• WORK TASK: With the pictures omitted, print exactly the lines below, from the one containing "エアロパーツ FOR Mercedes" through the one containing "Munich, ALLEMAGNE - 1", and nothing else.

• SUPPLIED ENTRIES:
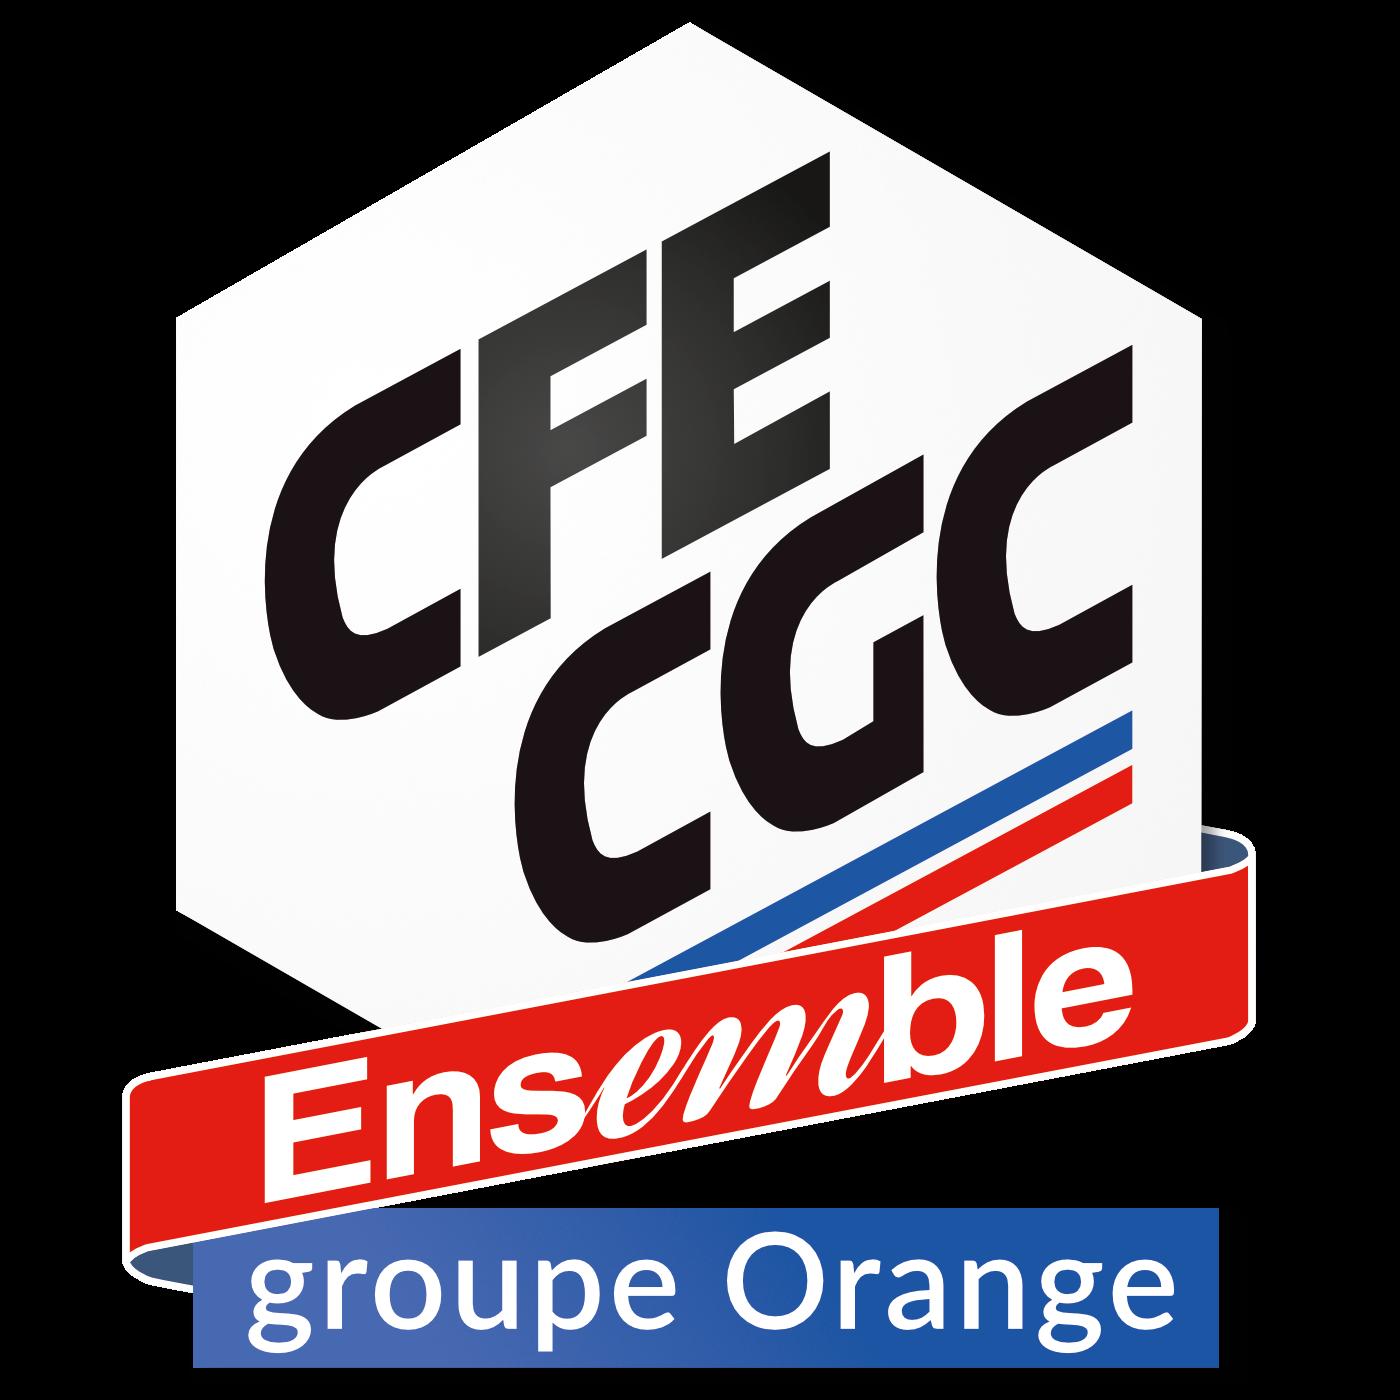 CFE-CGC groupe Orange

--

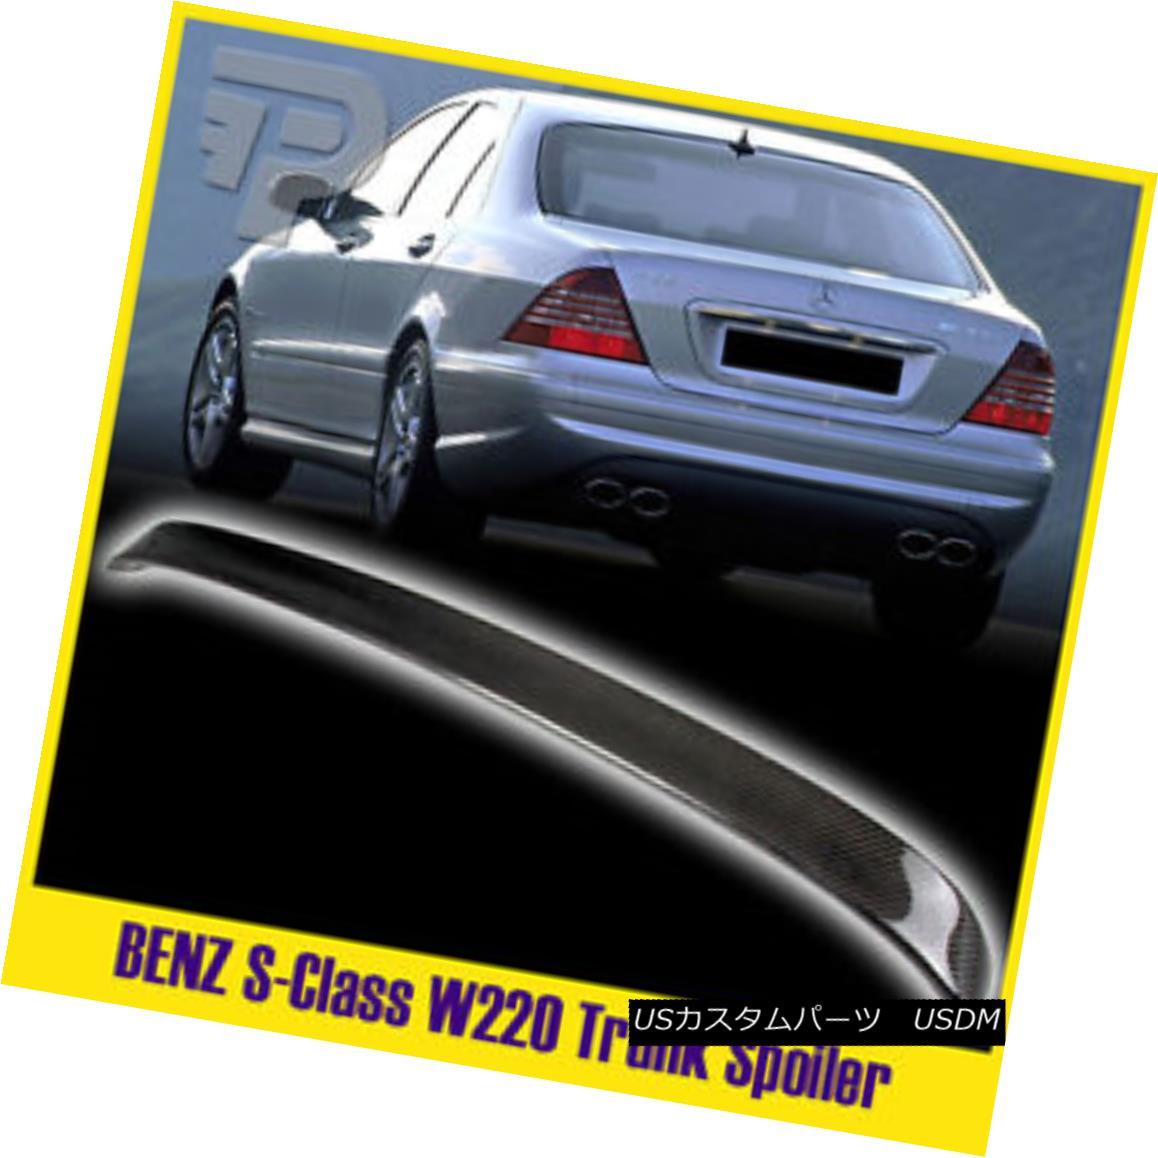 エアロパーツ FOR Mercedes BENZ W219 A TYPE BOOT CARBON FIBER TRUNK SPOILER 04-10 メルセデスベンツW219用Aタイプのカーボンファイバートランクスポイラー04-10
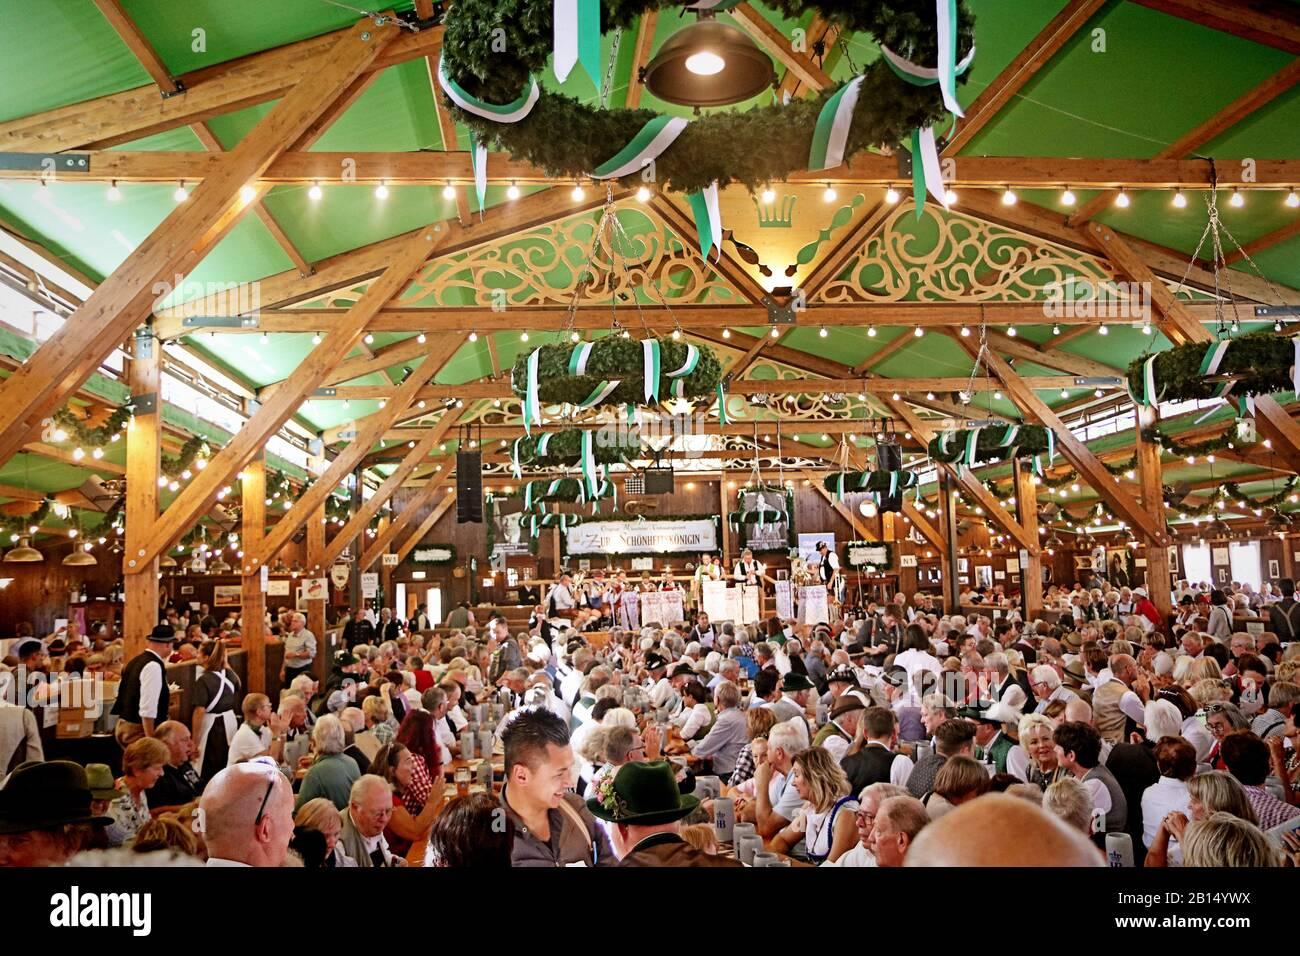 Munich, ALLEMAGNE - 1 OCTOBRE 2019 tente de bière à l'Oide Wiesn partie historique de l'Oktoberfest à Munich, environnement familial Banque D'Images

• EXPECTED ANSWER:
 エアロパーツ FOR Mercedes BENZ W219 A TYPE BOOT CARBON FIBER TRUNK SPOILER 04-10 メルセデスベンツW219用Aタイプのカーボンファイバートランクスポイラー04-10
 Munich, ALLEMAGNE - 1 OCTOBRE 2019 tente de bière à l'Oide Wiesn partie historique de l'Oktoberfest à Munich, environnement familial Banque D'Images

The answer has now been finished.